Symptoms include loss of interest in activities previously enjoyed, decrease in motivation, changes in appetite and sleep, feelings of unwarranted guilt, excessive worry, suicidal thoughts and actions.

Other symptoms for the elderly, said Poitier, a relative of internationally known actor Sidney Poitier, include irritable mood swings, expressions of worthlessness, weight loss, not caring for themselves, always tired, irresponsible behaviors, "doing things outside the norm for this person," persistent sadness and emptiness, and persistent physical symptoms and chronic pain that don't respond to treatments.

The National Mental Health Association theorized that the reasons for feeling blue around the holidays are numerous. They range from fatigue – a result of the increased holiday activity – to financial limitations and family tensions. Experts say the fastest route to holiday depression is unrealistic expectations. People may develop other stress responses such as headaches, excessive drinking, overeating and difficulty sleeping. Then, they experience a post-holiday let down after Jan. 1.

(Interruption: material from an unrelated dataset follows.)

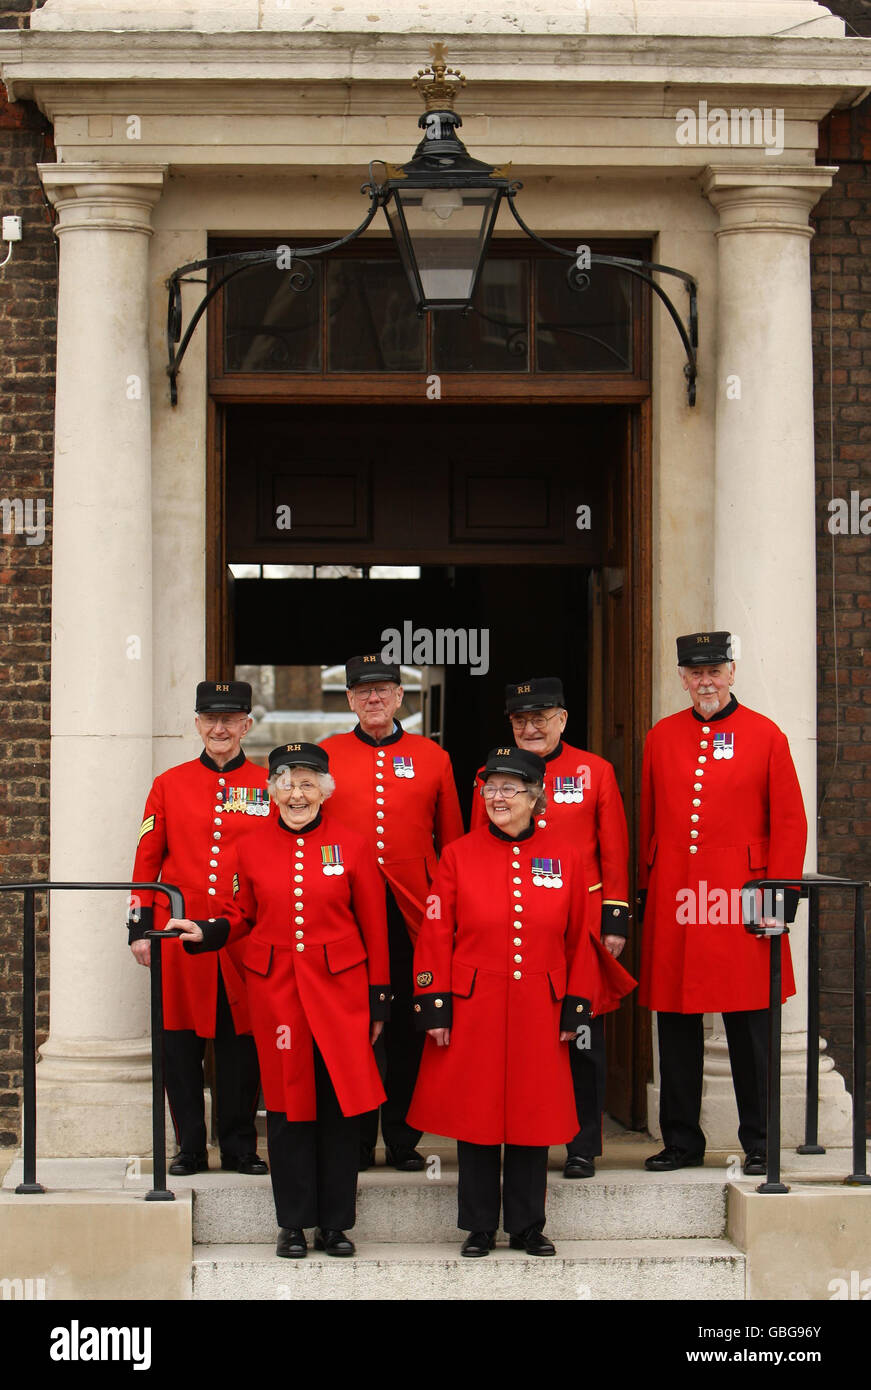 Winifred Phillips (front right) and Dorothy Hughes (front left) are welcomed by Chelsea Pensioners (back left to right) Lewis Prangle, Geoff Crowther, Ralph Dickinson and Alan Swain as the first women Chelsea pensioners at the Royal Hospital Chelsea in London. Stock Photo

"There are numerous triggers for the onset of depressive episodes," Brannigan said. "Disturbing experiences like loss and death, genetic predisposition, and seasonal changes. Although it may seem that the holidays can be a trigger for depression, it's not always the case. More often than not, it exacerbates an already underlying vulnerability."

Ways of coping with stress during the holidays, advised the D.C. Commission on Aging, a citizen's advisory group, include keeping expectations manageable, pacing yourself and organizing your time. Make a list and prioritize important activities. Be realistic about what you can do. Don't put the entire focus on one day. It's a season of holiday sentiment, and activities can be spread out to lessen stress and increase enjoyment.

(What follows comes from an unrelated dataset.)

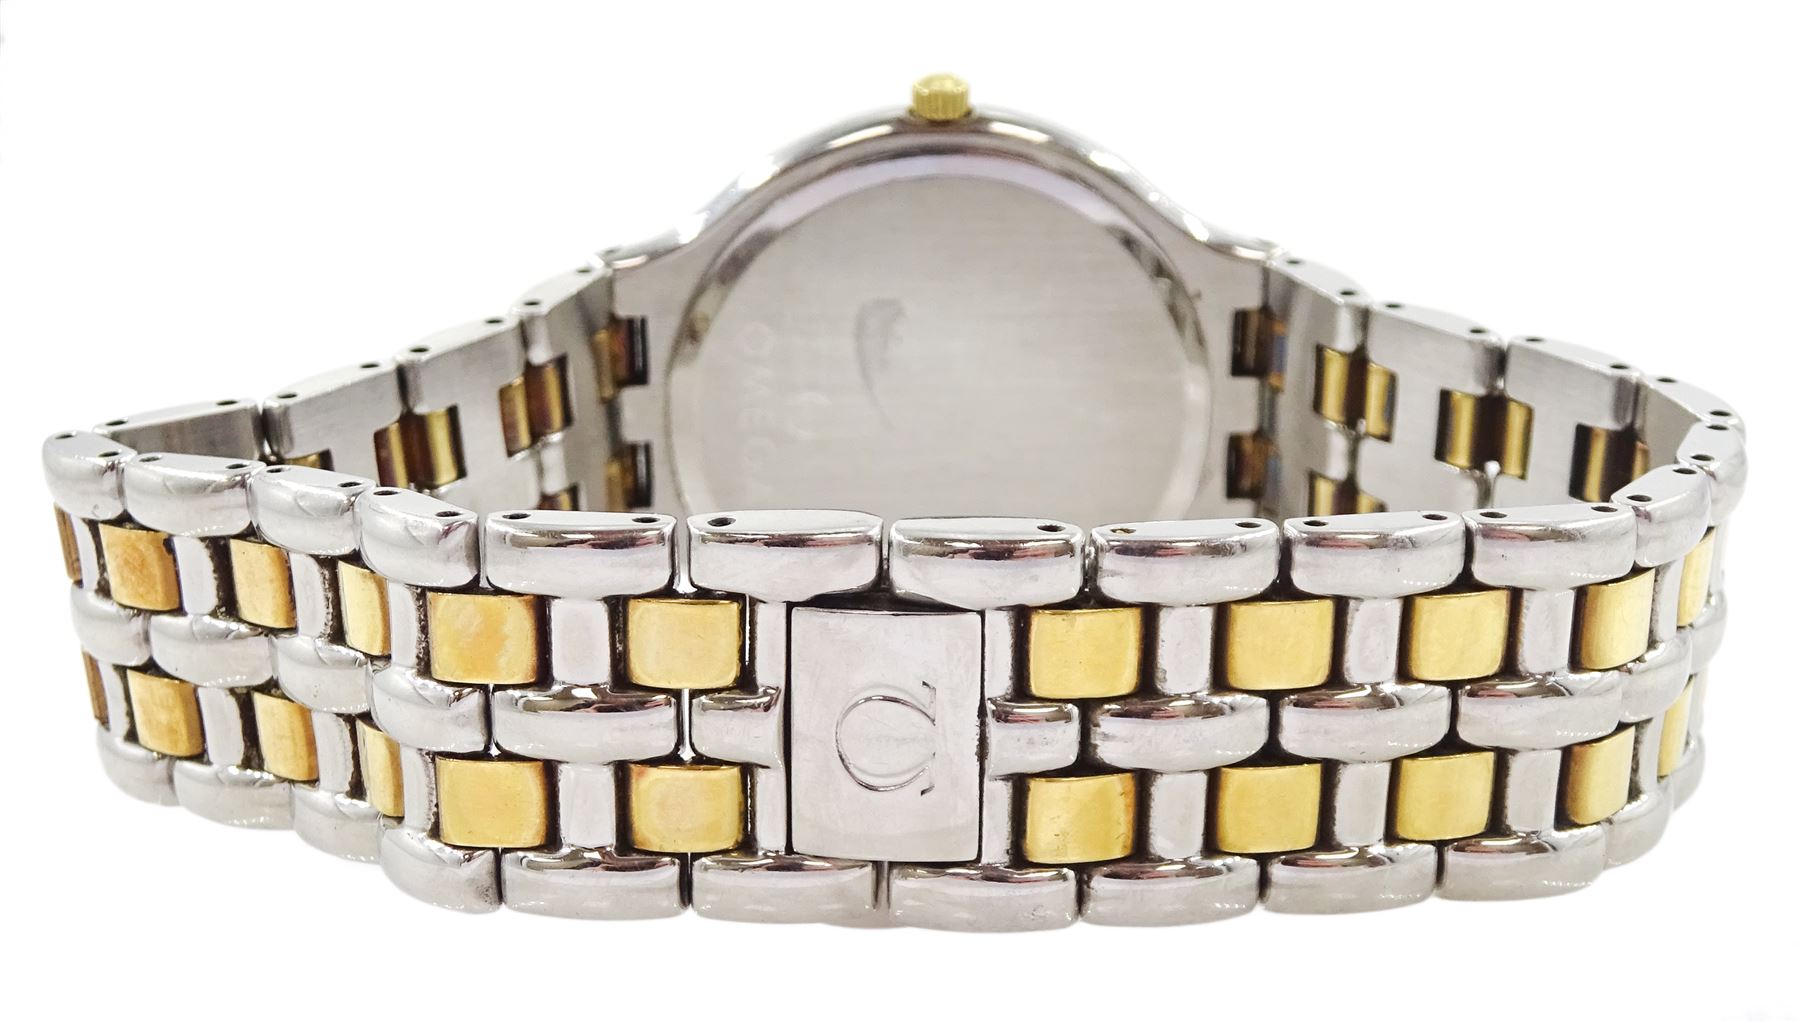 Omega gold and stainless steel quartz wristwatch - Image 2 of 3

Poitier added that families become busy celebrating and they leave out certain members such as the elderly.

"They don't feel included in the festivities," said Poitier, "and the key is to include them in the process of what you're doing. Even simple things like shopping trips; you can include them so they'll feel a part of it."

Brannigan was more straightforward.

"My advice for anyone experiencing depressive symptoms for an extensive period of time, greater than two weeks, is to seek help," Brannigan added. "There's no need to suffer in silence, nor deny yourself assistance or relief."